Amazon’s relentless push to become your doctor and your pharmacy

A Q&A with John Love, vice president of Amazon Pharmacy.

Amazon will already mail you pretty much anything you can buy on the internet, stream your music and video, deliver your groceries, sell you a car, host your web applications, answer your questions with AI, and diagnose your illnesses. 

It really wants to fill your prescriptions, too. And it’s pouring a lot of resources into doing that.

Amazon launched its pharmacy in 2020, building off of its $1 billion acquisition of PillPack, a mail-order pharmacy, in 2018. That basically meant adding pharmacies to its warehouses. Last year, Amazon Pharmacy expanded its same-day delivery capabilities to more than 3,000 cities, and it wants to hit “24 hours or less” delivery at 4,500 cities by the end of this year. 

Now, extremely popular weight-loss drugs have accelerated competition among companies that want to deliver the drugs to patients. Amazon said Tuesday that its primary care arm, Amazon One Medical, is launching a GLP-1 management program. 

The news sent Hims & Hers, the only publicly traded company among its telehealth peers, down in trading. When asked if he sees Hims as a competitor or partner, Amazon Pharmacy Vice President John Love said, “Probably both.”

Pharmacy is a tough business. Mom-and-pop pharmacies and large chains alike have reduced their footprints. Rite Aid closed all of its stores last year, while Walgreens and CVS shut hundreds of locations. How will Amazon avoid the same fate? 
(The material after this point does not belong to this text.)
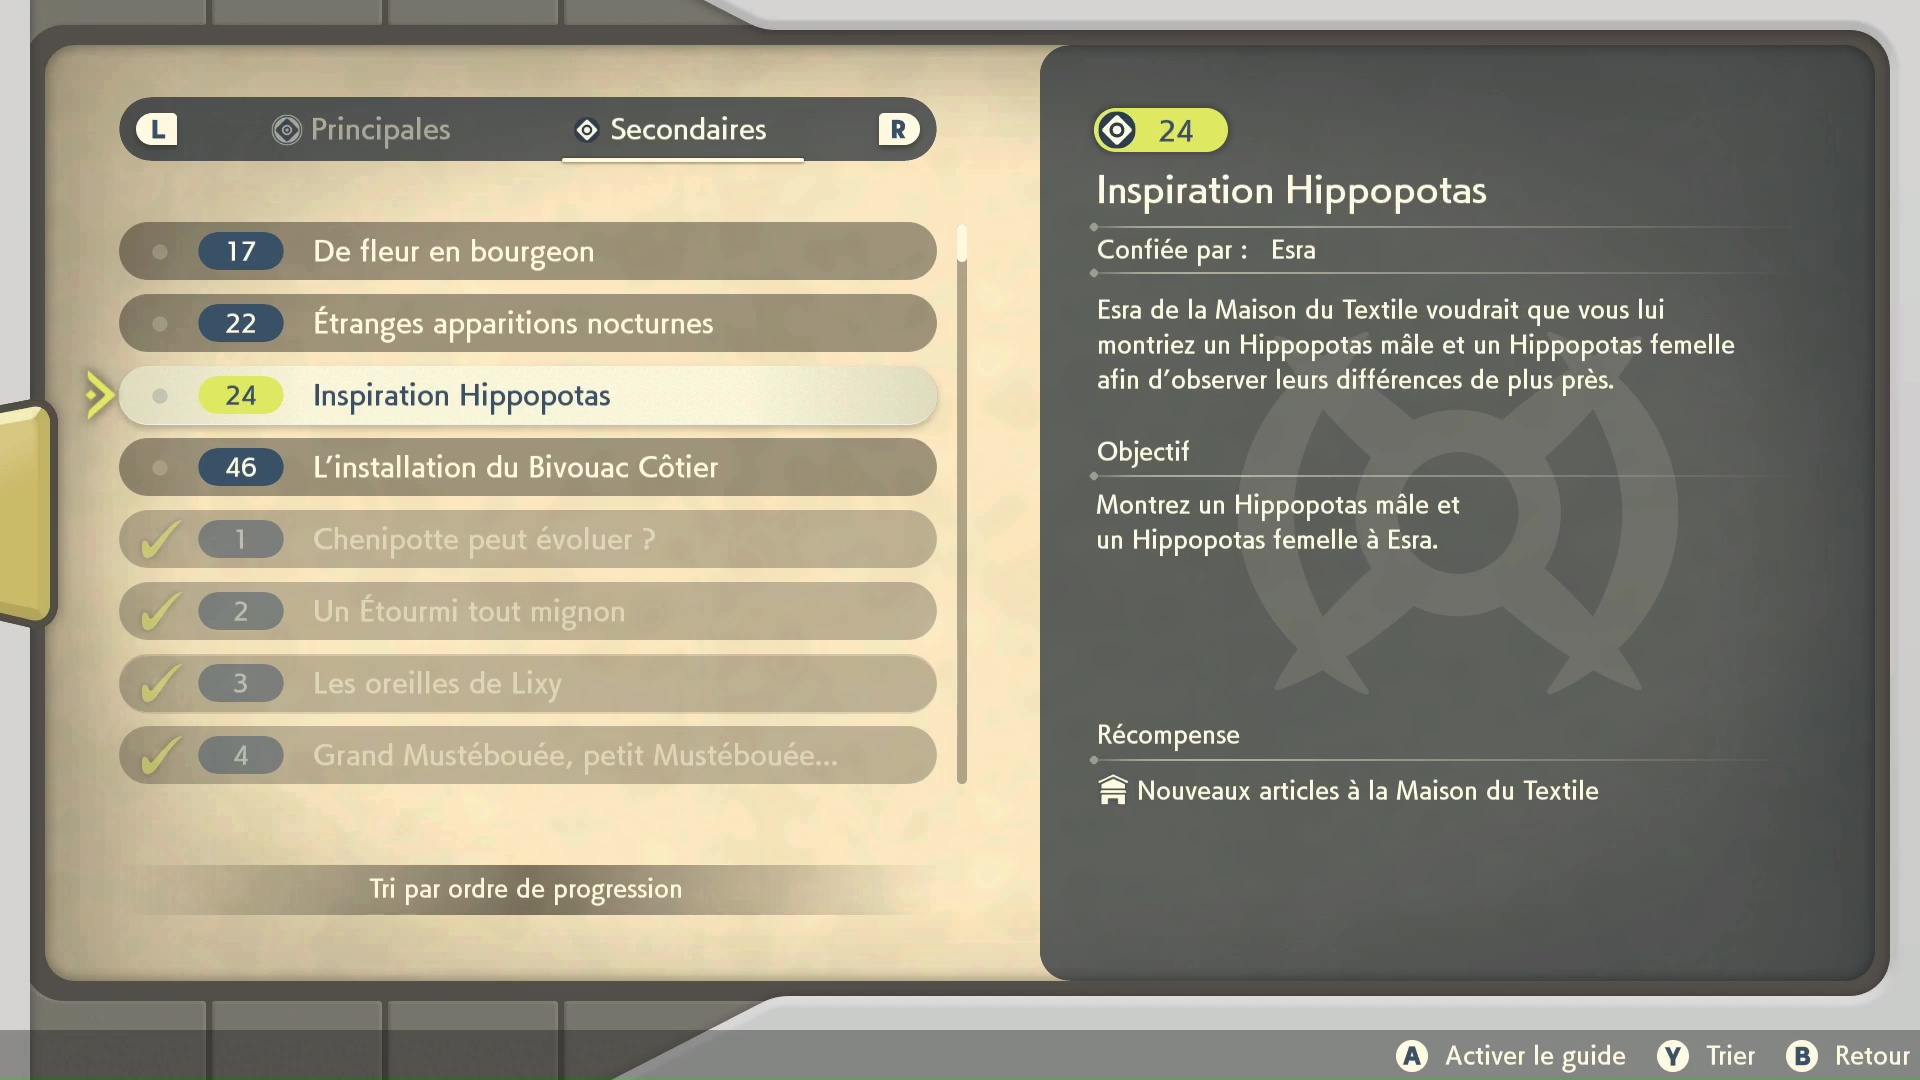 Inspiration hippopotas | légendes pokémon arceus

“I think that’s a big question,” Love said. 

This interview was edited for clarity and length.

Sherwood News: I think one place we could start is with some of the more recent news, both for Amazon Pharmacy and the pharma space in general. You guys announced that you will offer same-day delivery for Foundayo, Lilly’s new weight-loss pill. Can you tell me about how that’s going so far and also how GLP-1s have impacted the trajectory of Amazon Pharmacy?

John Love: I think GLP-1s are an interesting change in collection in healthcare in that you’ve got this very wide-scale category that you could call “lifestyle,” where now people are doing more cash or direct pay. There’s always been health optimizing, health influencing, people taking supplements or lightening strips or protein. But GLP-1s are proving to be effective. And something as important as weight loss affects many millions of Americans. So, we’re seeing a great deal of consumer interest in it. 

Payers don’t quite know how to cover these medications yet, so you get a higher cash mix. Our goal is to assort every medication that people need, in all classes and types. But certainly these have been very popular treatments. So you’re getting a new set of individuals who may not be on another chronic medication now engaging with prescription pharmacies because they’re trying to work out, they’re trying to lose weight, and these medications have been really popular for that.

US-TECHNOLOGY-INNOVATION-AMAZON
Love speaking at Amazon’s Delivering the Future event at the company’s BFI1 Fulfillment Center, Robotics Research and Development Hub, in Sumner, Washington, on October 18, 2023 (Jason Redmond/AFP)

Sherwood: Would you say that it’s expanded the Amazon Pharmacy user base rather than just being something that people who were already on it are pivoting to?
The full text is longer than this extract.